- The Washington Times - Thursday, July 26, 2001

TETOVO, Macedonia — The Macedonian government yesterday announced that ethnic Albanian rebels, threatened with a major offensive, had agreed to withdraw from captured territory, assuaging some of the fear of a full-scale civil war that had sent thousands of residents fleeing the country's second-largest city.
In recent days, the ethnic Albanian National Liberation Army overran four villages surrounding Tetovo and clashed with government troops at the city's outskirts.
Macedonia's Defense Ministry said that under the deal worked out by NATO, the rebels would pull back from those villages by dawn today. The agreement followed a government ultimatum to the rebels to retreat or face an all-out assault.
The fighting around Tetovo prompted scores of anti-government protesters yesterday to force their way into parliament in Skopje, the Macedonian capital, demanding a major offensive against the rebels.
Calling the situation "critical," NATO Secretary-General George Robertson said he and European Union foreign policy chief Javier Solana would fly to Macedonia today for urgent mediation to prevent the troubled Balkan country from descending into full-scale civil war.
"Any efforts to resolve the situation militarily can only result in the wreckage of the country and the inflicting of grave civilian casualties," Mr. Robertson said.
The turmoil in Macedonia came amid growing calls in Washington for the United States to scale back its military commitment in the Balkans.
"The United States should not be engaged in the hot spots around the world without a time limit," said Rep. Dana Rohrabacher, California Republican.
"The United States will not sustain another operation like this," Mr. Rohrabacher told a hearing of the House International Relations Committee.
The hearing was called to examine the success of the 1995 Dayton Peace Accord that ended the war in neighboring Bosnia-Herzegovina with the help of U.S. soldiers.
In Macedonia, Skopje's A1 TV network reported some shooting in Tetovo. A car carrying fleeing Slavic Macedonians reportedly also came under fire.
Hours earlier, the hard-line lawmakers in Prime Minister Ljubco Georgievski's governing party called for imposing a state of emergency and an "urgent" special session of parliament — a request Mr. Georgievski made unsuccessfully several times before.
However, President Boris Trajkovski, apparently seeking to counterbalance the hard-liners who had accused international envoys of siding with the rebels, said, "We have to realize that only partnership with the international community can restore peace and stability in Macedonia."
Underscoring how tensions have soared in the Albanian-majority city, ethnic Albanian Ilir Hoxha, 25, said simply of the Slavic Macedonians: "Let them leave. They should never return. Tetovo is Albanian and it will remain Albanian."
The exodus of majority Macedonians from the city came after fierce fighting there on Sunday and Monday between ethnic Albanian militants and government security forces. The clashes, the worst in months, broke a fragile cease-fire and dimmed hopes that peace talks that collapsed last week could be revived.
Meanwhile, at yesterday's congressional hearing on the Dayton Peace Accord, religious leaders urged the United States not to pull out of Bosnia.

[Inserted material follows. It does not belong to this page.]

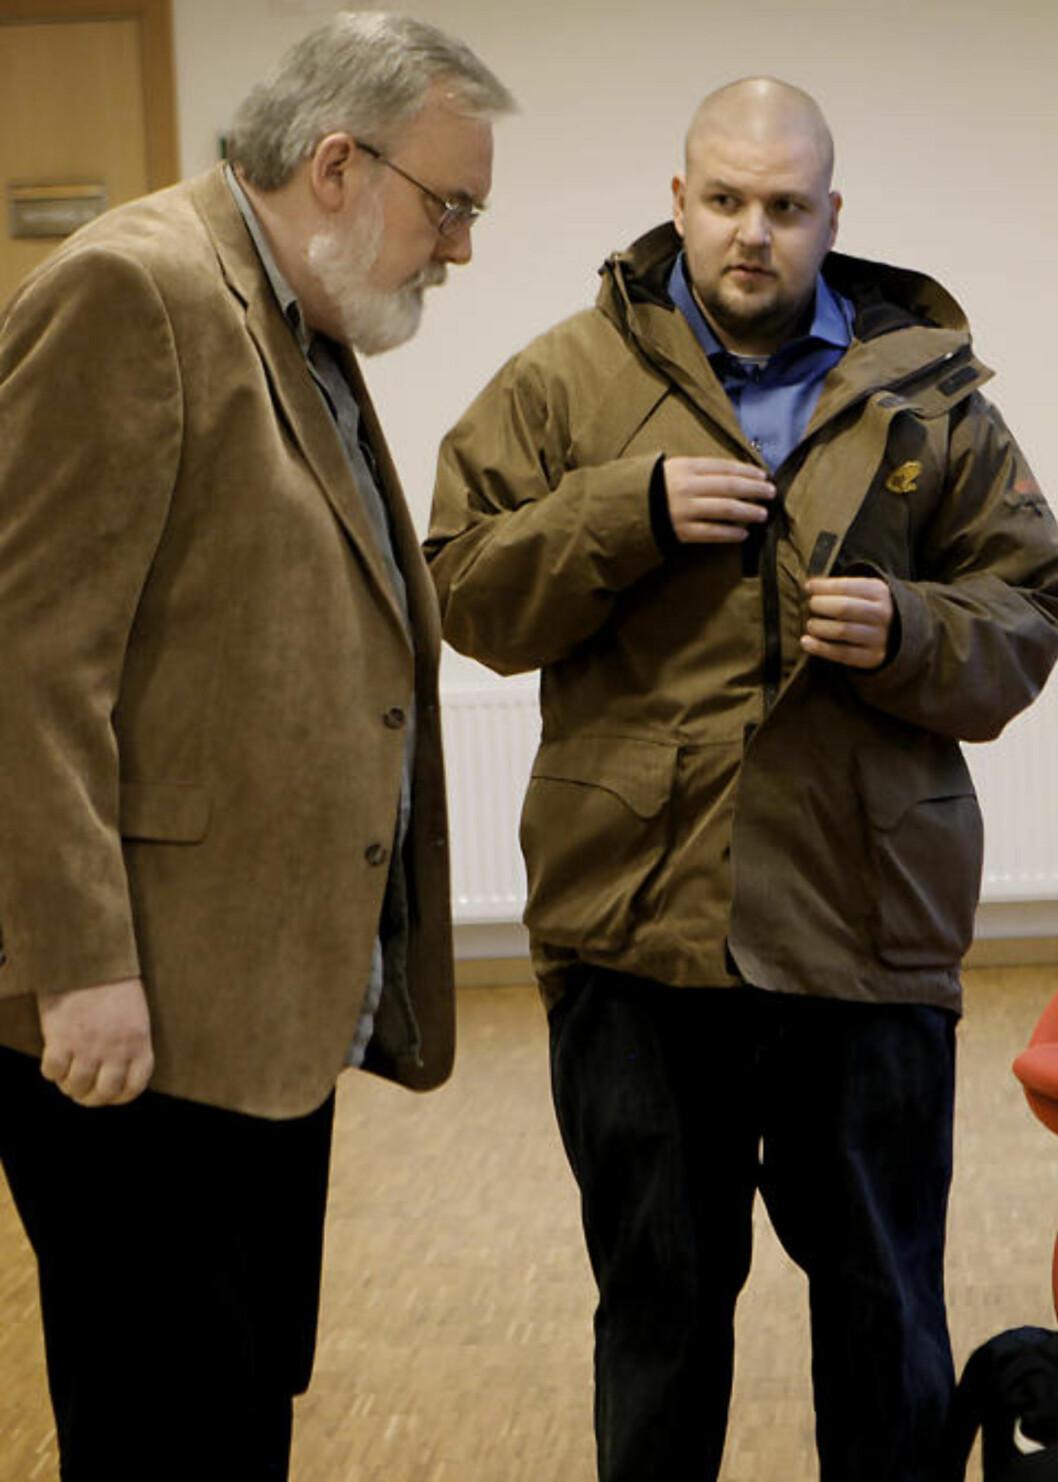 <strong>DAGLIG LEDER:</strong> Daglig leder og SOS Rasismes mektigste mann, Kjell Gunnar Larsen står sammen med nestleder Kenneth Fuglemsmo. Larsen er styremedlem i den kommunistiske gruppa Tjen Folket. Fuglemsmo leder ungdomsavdelingen der, Revolusjonær kommunistisk Ungdom. Foto: ERLING HÆGELAND/Dagbladet

"I would like America to realize that they should not leave the child alone. You must teach that child Bosnia-Herzegovina, to walk on its own," said Cardinal Vinko Puljic.
"Given the present frustrations and shared difficulties, all citizens and ethnic communities of Bosnia-Herzegovina need a strong United States presence in order to build up a democratic, economically prosperous and tolerant civil society," Cardinal Puljic said.
The bishop of Mostar, Monsignor Ratko Peric, said "there can be no peace without the active presence of international forces."
Staff writer Anna Lea Flatow contributed to this report in Washington.